### THE PROBLEM
Within the listing below, the lines to output run from the one containing "The Theatre at Petra Stock Photo" through the one containing "Eero Saarinen for"; copy them exactly and nothing else.

### GIVEN DATA

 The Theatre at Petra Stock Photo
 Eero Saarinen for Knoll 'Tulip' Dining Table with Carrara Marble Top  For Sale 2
...
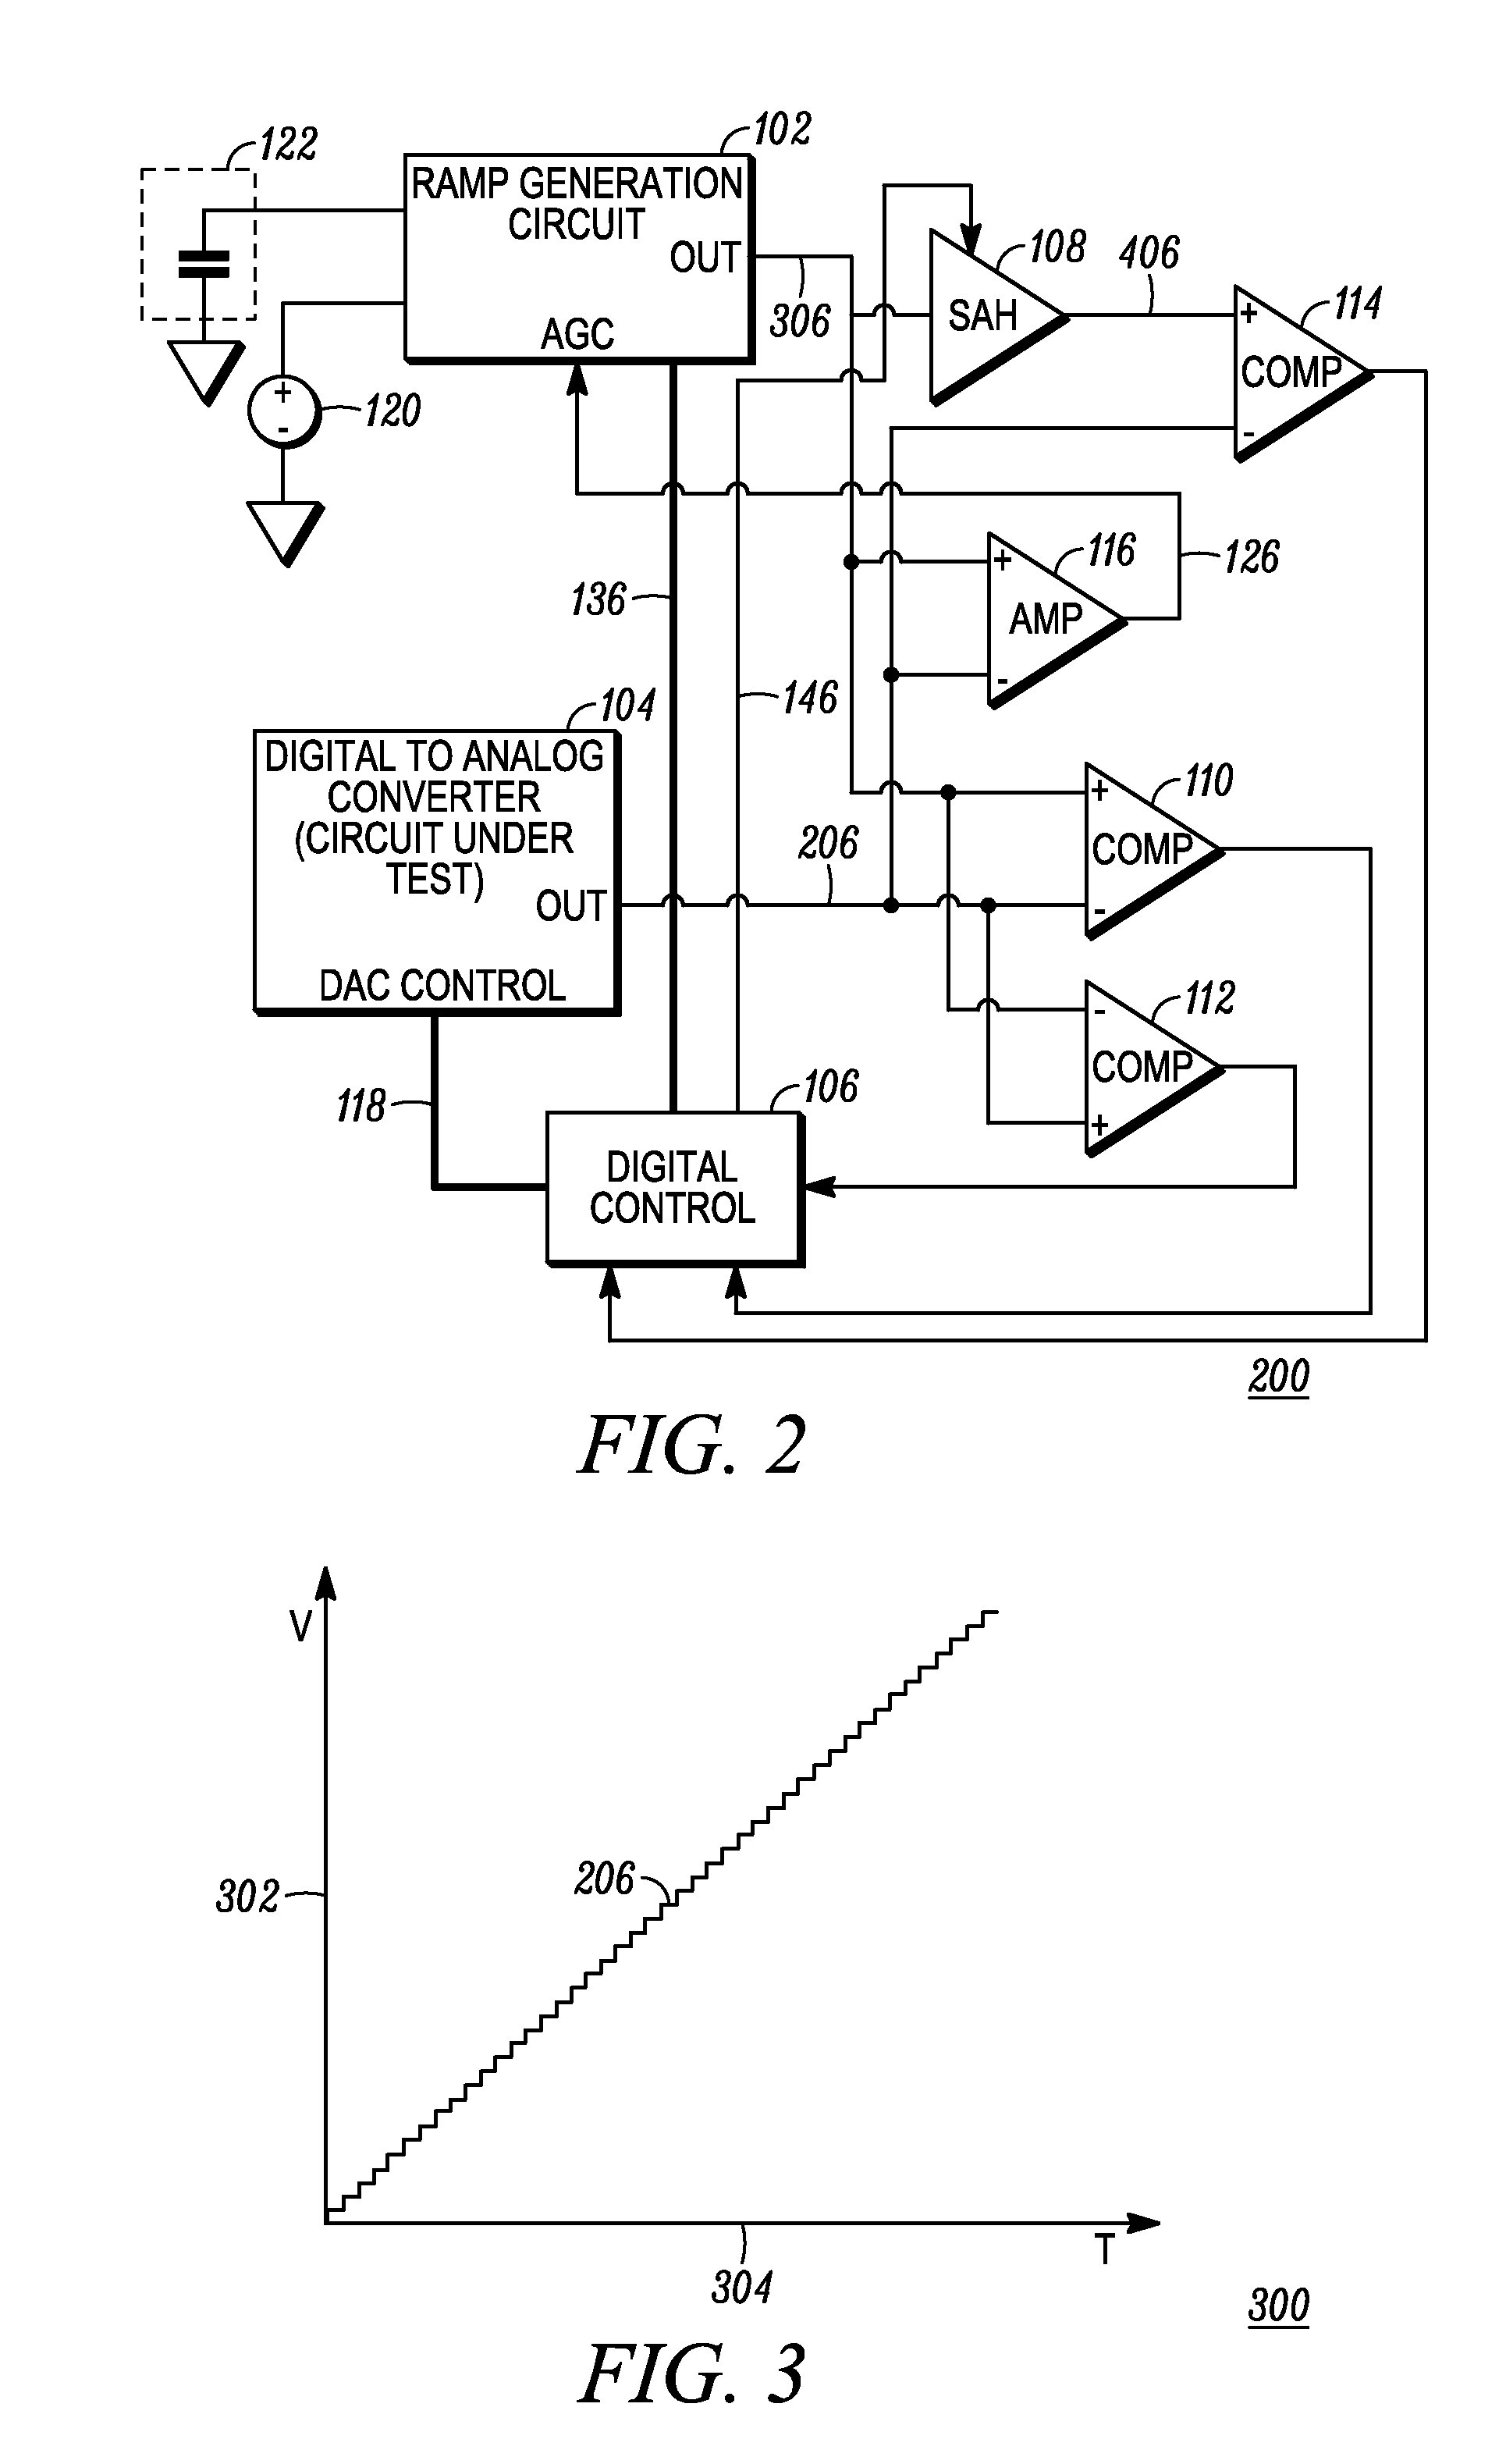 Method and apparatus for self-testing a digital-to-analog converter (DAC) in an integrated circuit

### EXERCISE OUTPUT
 The Theatre at Petra Stock Photo
 Eero Saarinen for Knoll 'Tulip' Dining Table with Carrara Marble Top  For Sale 2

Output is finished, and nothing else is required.